Unsupervised: “data” (,”weights”)
Supervised
- Regression: “data”, “target” (,”weights”)
- Classification: “data”, “labels”
Time-lagged: “data”, “data_lag” (,”weights”,”weights_lag”)

The values can be either torch.Tensors or np.arrays / lists that will be passed to the torch.Tensor() function.

[ ]:

# Colab setup
import os

if os.getenv("COLAB_RELEASE_TAG"):
    import subprocess
    subprocess.run('wget https://raw.githubusercontent.com/luigibonati/mlcolvar/main/colab_setup.sh', shell=True)
    cmd = subprocess.run('bash colab_setup.sh TUTORIAL', shell=True, stdout=subprocess.PIPE)
    print('Done!')

[6]:

import torch
from mlcolvar.data import DictDataset

# the constructor takes a dictionary as input.
n_samples, n_features = 100, 2
dataset = DictDataset({'data': torch.rand((n_samples,n_features)),
                             'target': torch.rand((n_samples,))
                             })

dataset

[6]:

DictDataset( "data": [100, 2], "target": [100] )

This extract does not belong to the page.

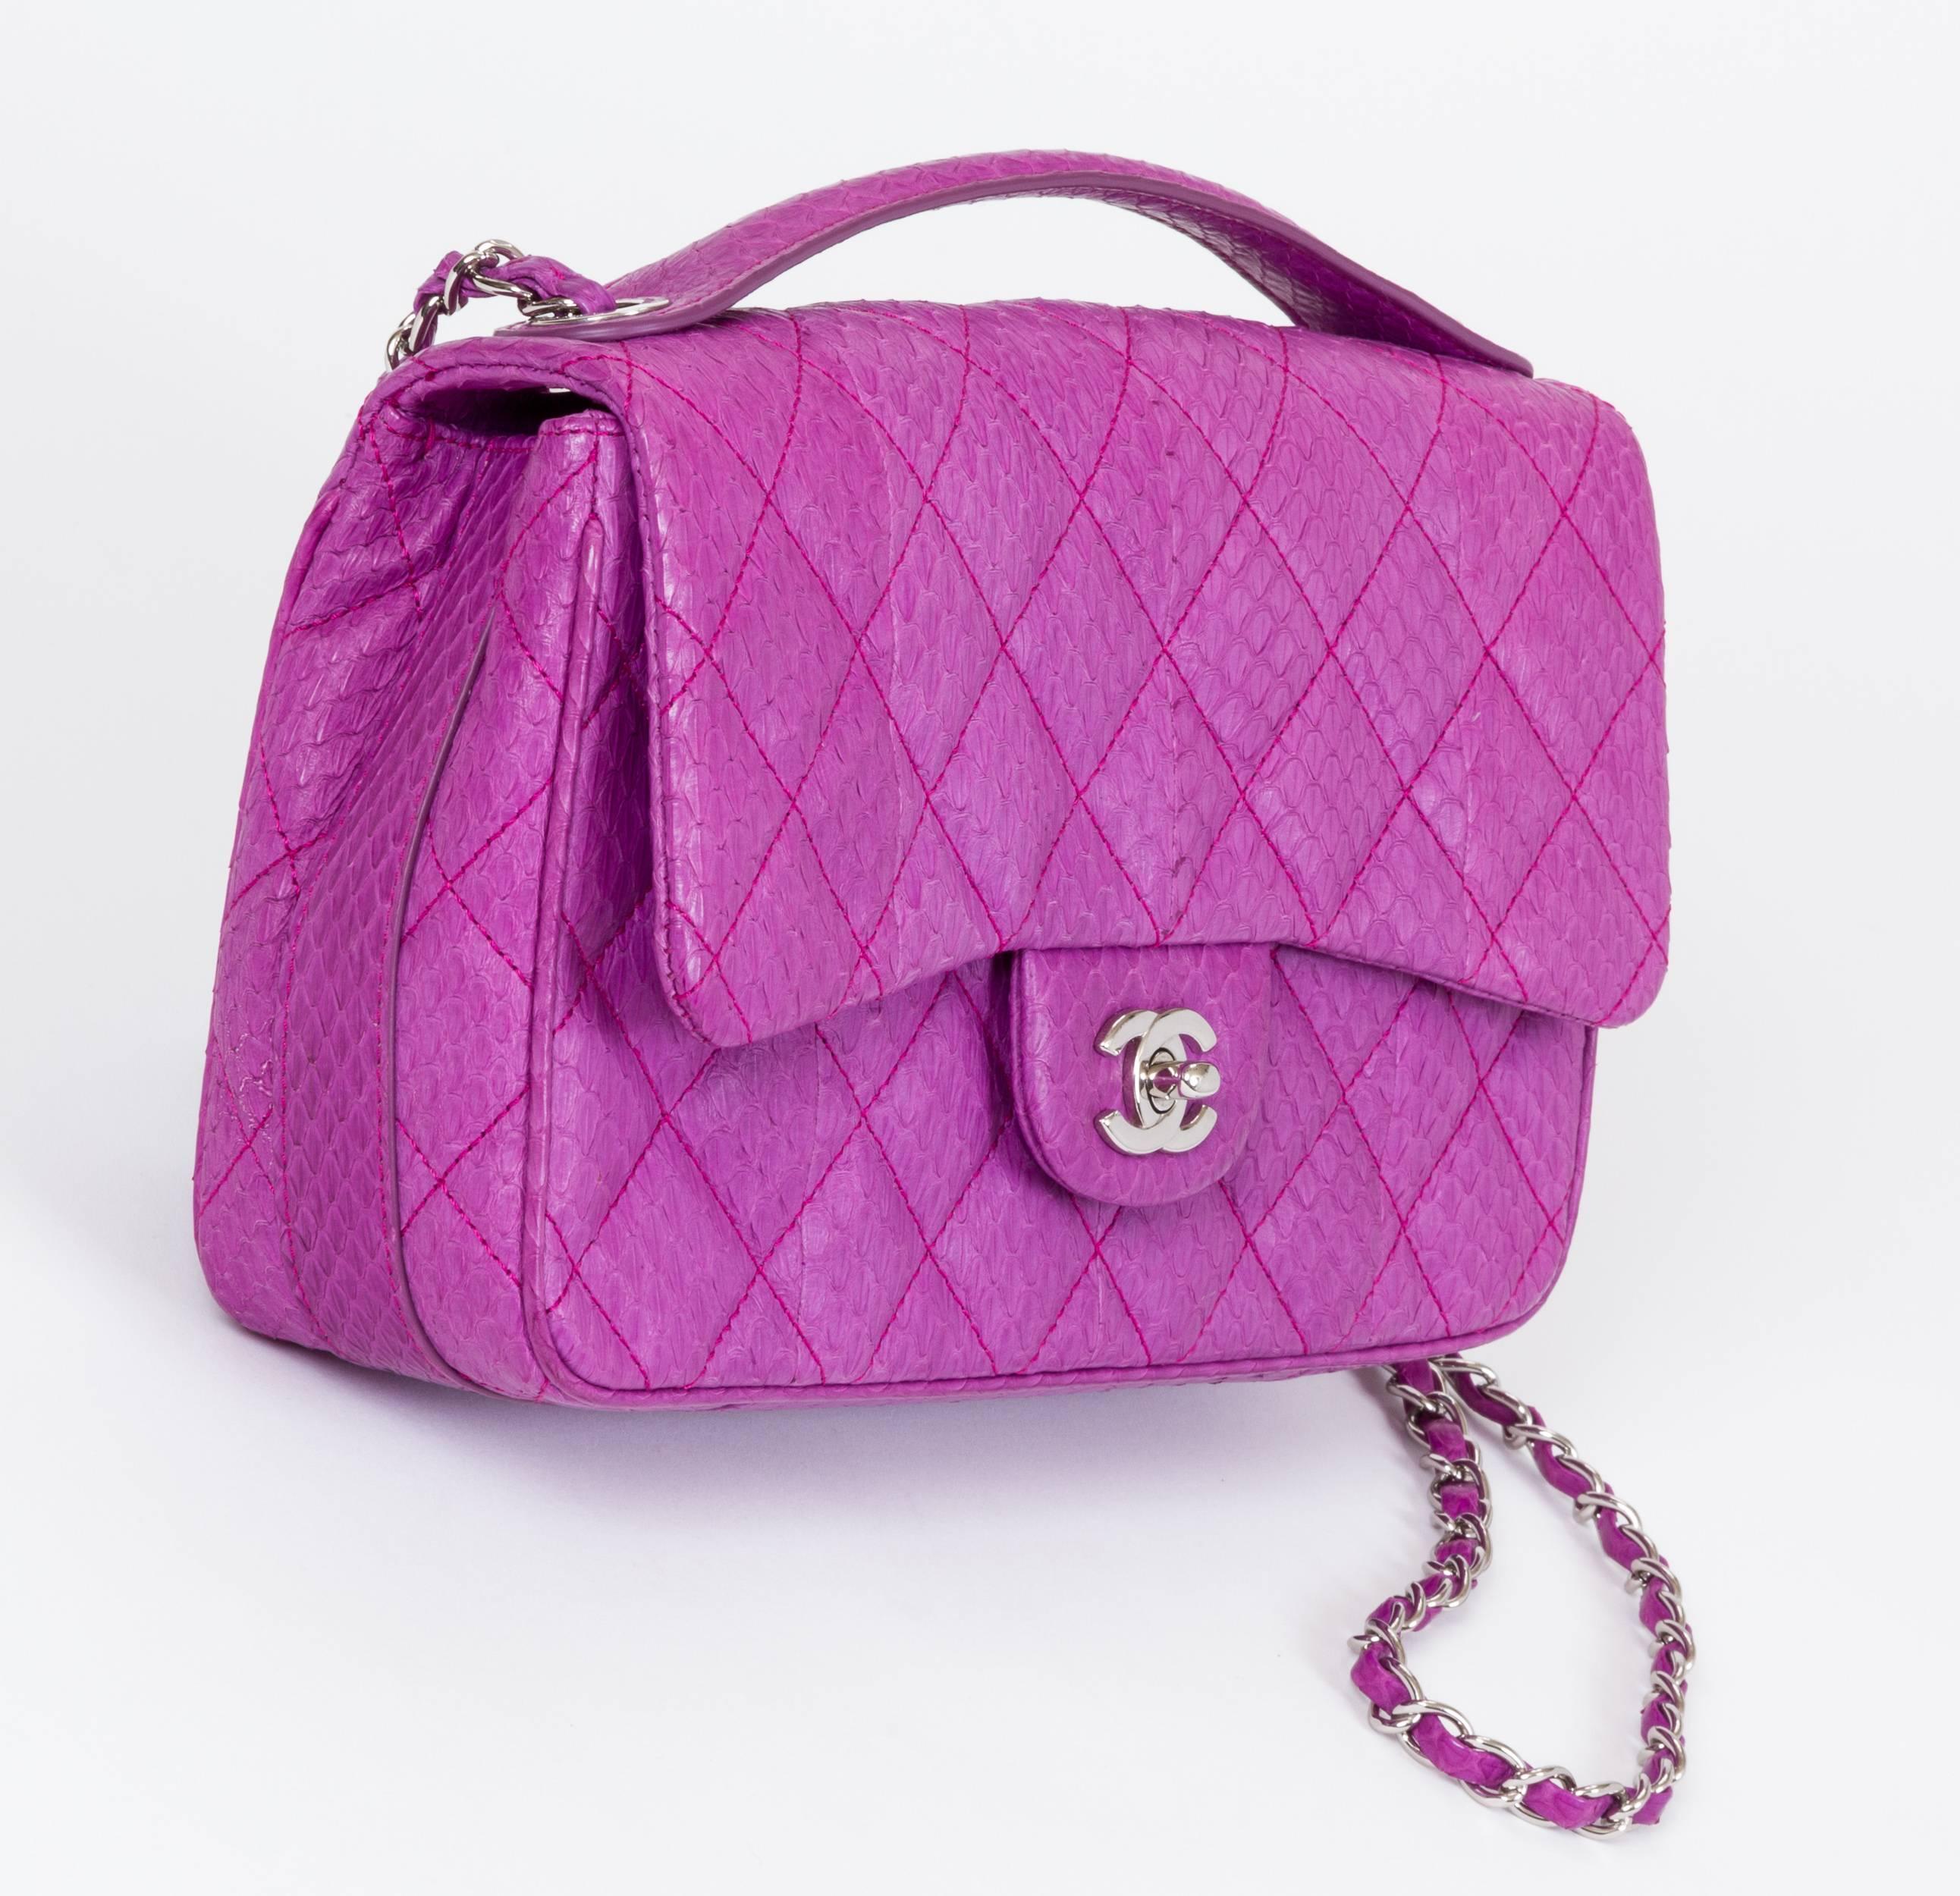 Chanel rare and brand new purple python handbag with double strap. Handle drop 1

If the dataset is accessed with a string it will return the value of the underlying dictionary, otherwise if it is accessed with a slice it will return a sliced dictionary:

[7]:

# access with a key
print('dataset["data"] -->', dataset["data"].shape )
# access the 0-th element
print('\ndataset[0] =', dataset[0] )
# slice the dataset
print('\ndataset[0:3] =', dataset[0:3] )

dataset["data"] --> torch.Size([100, 2])

dataset[0] = {'data': tensor([0.0238, 0.6240]), 'target': tensor(0.3217)}

dataset[0:3] = {'data': tensor([[0.0238, 0.6240],
        [0.6782, 0.4476],
        [0.8055, 0.8887]]), 'target': tensor([0.3217, 0.6375, 0.5045])}

You can also add additional keys to the dataset, e.g. if you want to give different weights to the data:

[8]:

dataset['weights'] = torch.rand(100)

dataset

[8]:

DictDataset( "data": [100, 2], "target": [100], "weights": [100] )

Dataloaders¶

The dataloaders wrap iterables around the dataset such that can be easily collated into batches and used for training/validation. We subclassed the torch.utils.data.Dataloader into a FastDictionaryDataloader which takes a DictDataset as input. You can see further details in its documentation.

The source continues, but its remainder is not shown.